I guess, any recurrent model with a cost layer depending on the previous-step memory rather than current-step memory (updated just now) will meet the same problem (because the current-step update memory layer will then have no connection to the cost layer within current time step).
To prove it, I change only a single line of the code, making the cost layer depend on the current-step memory instead of the previous-step memory in original code, and then the model works just well.
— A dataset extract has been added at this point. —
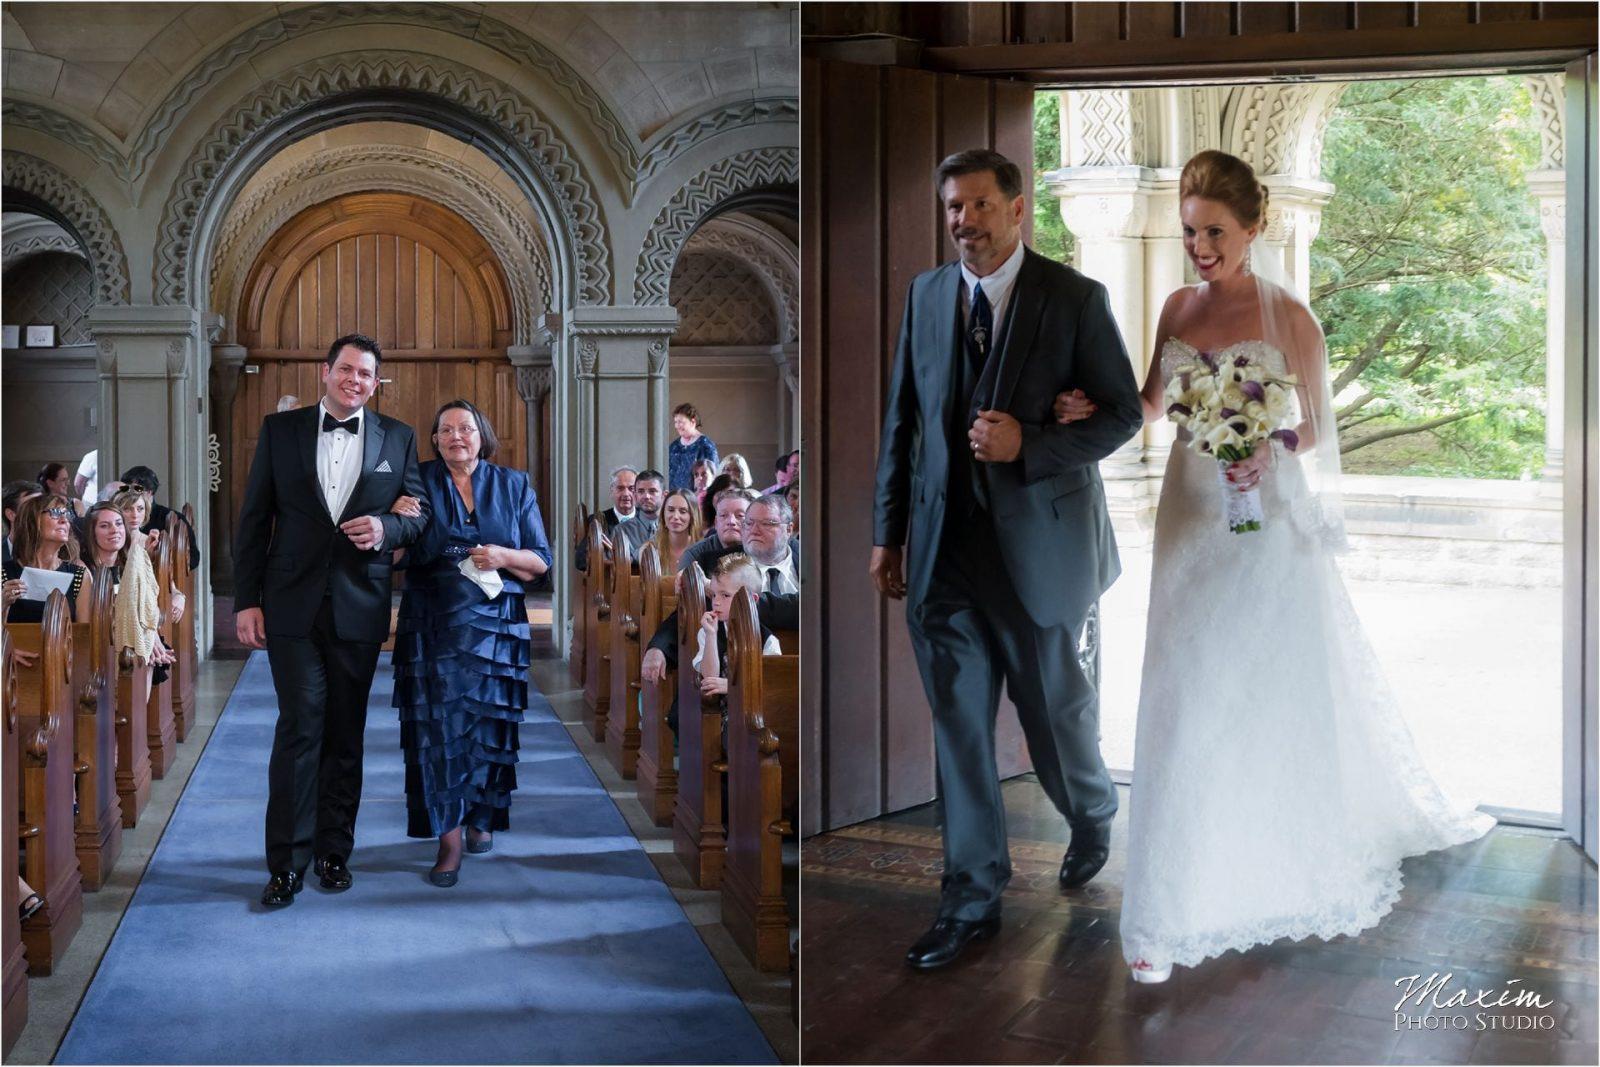 Norman Chapel, Cincinnati Wedding ceremony

I change last_memory to memory_update as below (such that memory_update is explicitly connected to the final cost), and the code works just well.
From
predict = paddle.layer.fc(
input=[embedding, last_memory],
size=dict_size,
act=paddle.activation.Softmax())
to
predict = paddle.layer.fc(
input=[embedding, memory_update],
size=dict_size,
act=paddle.activation.Softmax())
Neural Turing Machine model with "read first and write next" (not reverse) will also have such a problem. However, demos like vanilla LSTM/ GRU will not run into the problem since their cost or softmax output distribution depends LUCKILY on updated memory (hidden state, or cell state), instead of previous memory.
Besides, such a problem didn't exist in V1 APIs.
Would it be a bug? Could anyone help solve this issue?